Which brings us back around, taking the scenic route, to salvation. If the Kingdom is entirely future - then salvation, which is an aspect of the Kingdom (one is saved when one is IN the Kingdom) also becomes an entirely future hope.
"Just as man is destined to die once, and after that to face judgment, so Christ was sacrificed once to take away the sins of many people; and he will appear a second time, not to bear sin, but to bring salvation to those who are waiting for him." (Hebrews 9:27-28)
One can put their hope and trust (faith) in Jesus and His coming Kingdom now, in this life, but salvation is not a thing that we possess on this side of the great and terrible Day of the Lord (aka Judgement). This is a total tangent, but I recently heard a commentary that much of Western Christianity rails against the 'prosperity gospel', but that many of the people railing against that type of gospel preaching believe a very similar thing, but instead of possessing physical prosperity, it's possessing spiritual prosperity (I'm saved now, I can experience the joys of heaven now, etc). Anyway, when you read the words of Jesus and of the Apostles, the continual theme is perseverance and endurance in one's faith, until the End. In this way, the things motivating a Disciple of Jesus never change. Our own internal motivation-level might wax and wane, but the driver is always there - never very far from the mind of a Disciple who is regularly spending time in prayer and in reading Scripture. When our hope is entirely future - suffering is put into proper context. Someone smart I know once said, "Eschatology is the engine of discipleship." Focusing on where this is going gives us an accurate balance of God's goodness and God's wrath - it provides something to strive towards and gives the gift of the Holy Spirit some real significance. It creates urgency within the Disciple and, when treated with a sober mind, causes the Disciple to walk in humility.
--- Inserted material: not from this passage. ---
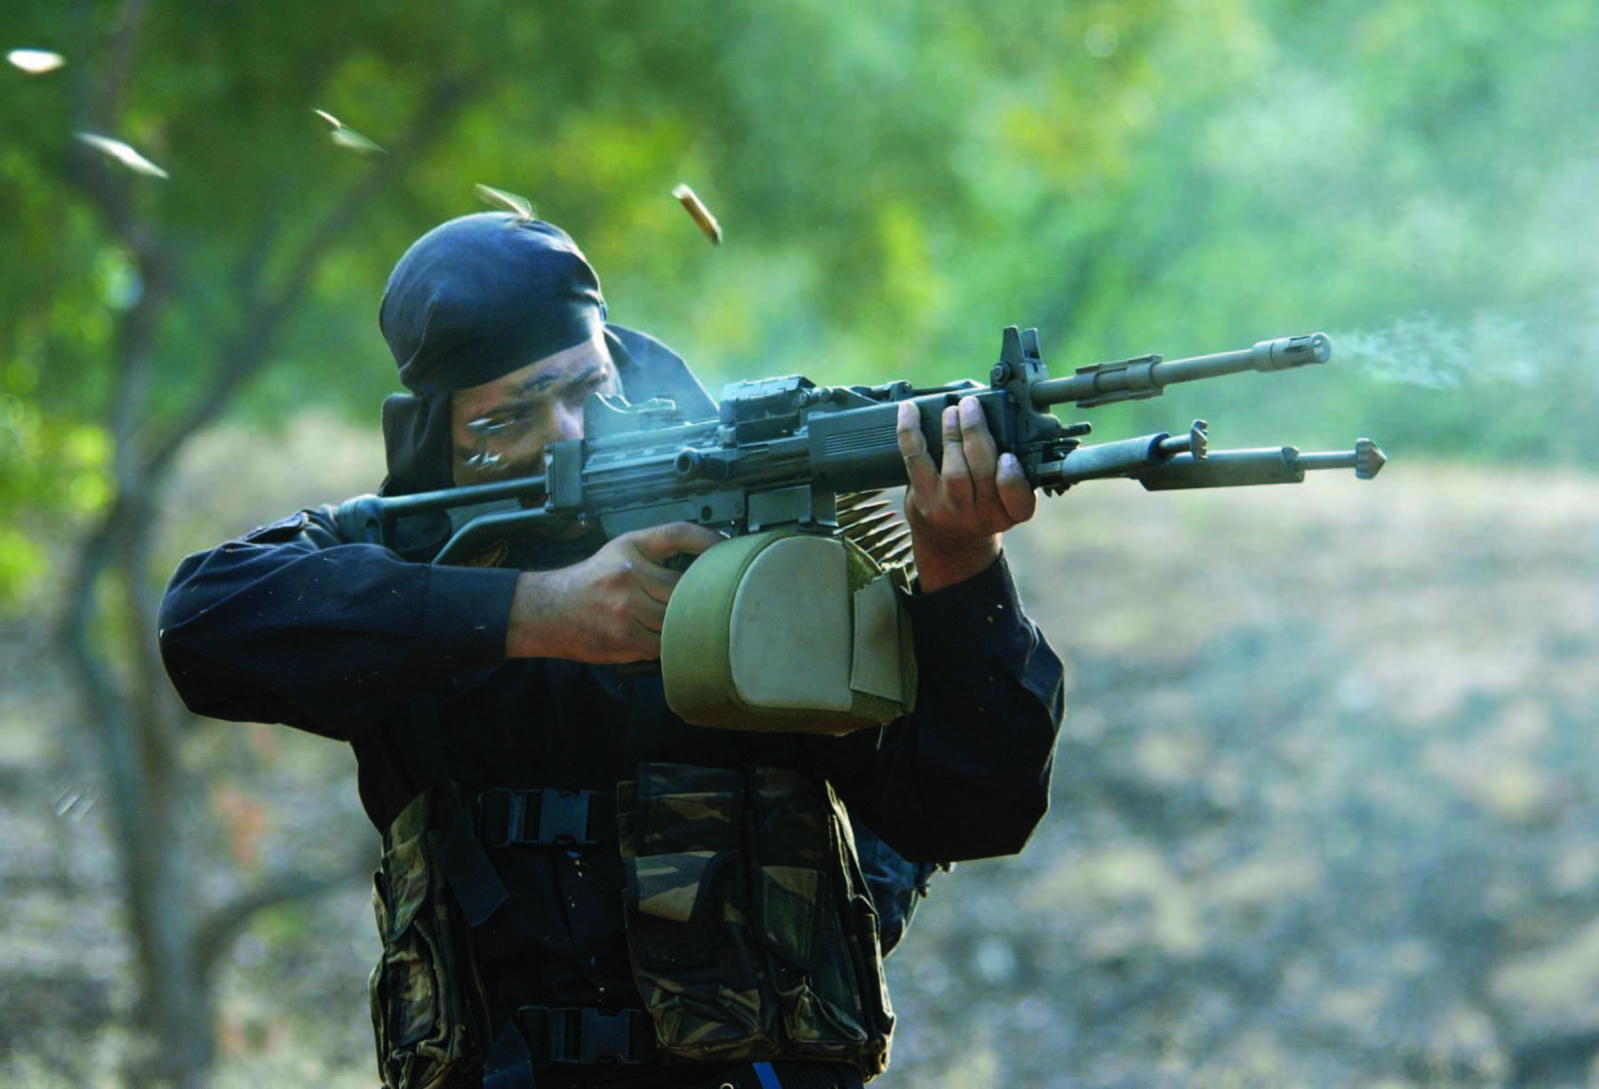 A member of the Indian Special Forces fires his weapon 1599x1089
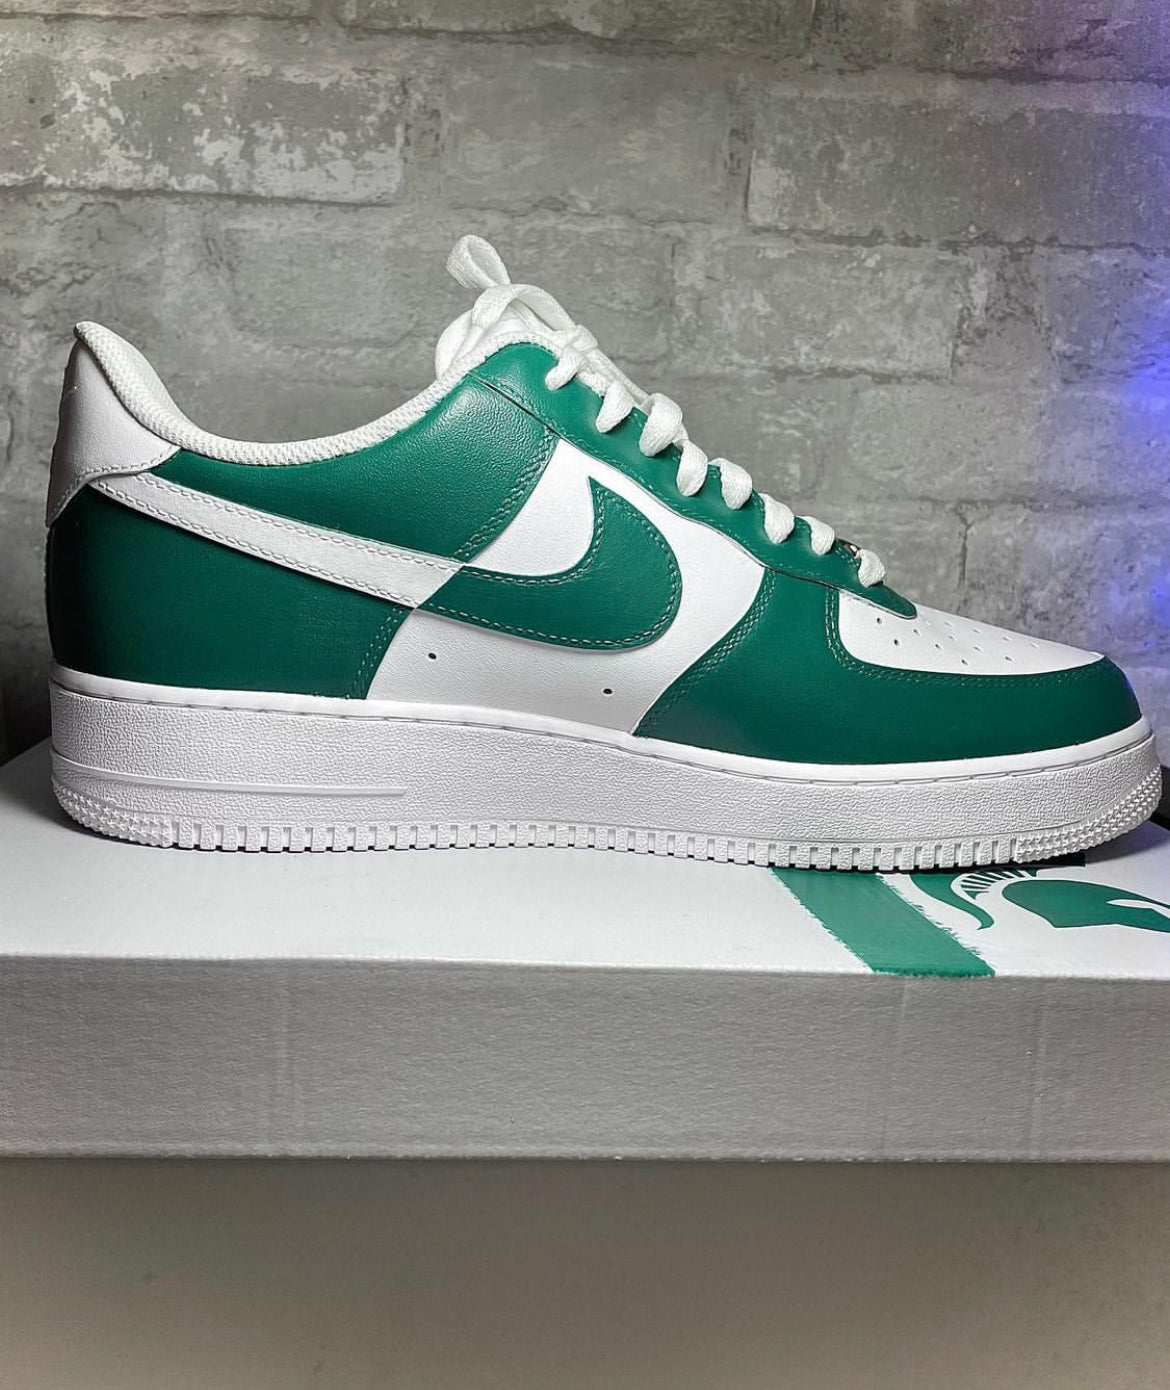 The Nike Air Force 1 Low Forest Green Is Now Available

I want to touch on the Holy Spirit in a little more detail - because I feel that the Holy Spirit was the thing Ladd was misinterpreting. When you view of The Kingdom of God as entirely future, the purpose of the Holy Spirit becomes so much more clear. The Holy Spirit is the power of God to help you do something you cannot do on your own...to help you take up your cross daily, and to deny yourself - to say 'no' to the flesh and yes to the one who gives Life. Also - in the life of a Disciple, the Holy Spirit is the one who comes to confirm the truth of the Gospel - it is the witness of the truth of the things to come. Rather than the Holy Spirit facilitating the growth of God's Kingdom now as Ladd suggested, it is the thing turning men's hearts, with Jesus, towards the End and the Renewal of all thing - towards the hope of Eternal glory - giving them the ability to be Disciples of Messiah Jesus, to walk and remain on the narrow path that leads to Life (Matthew 7).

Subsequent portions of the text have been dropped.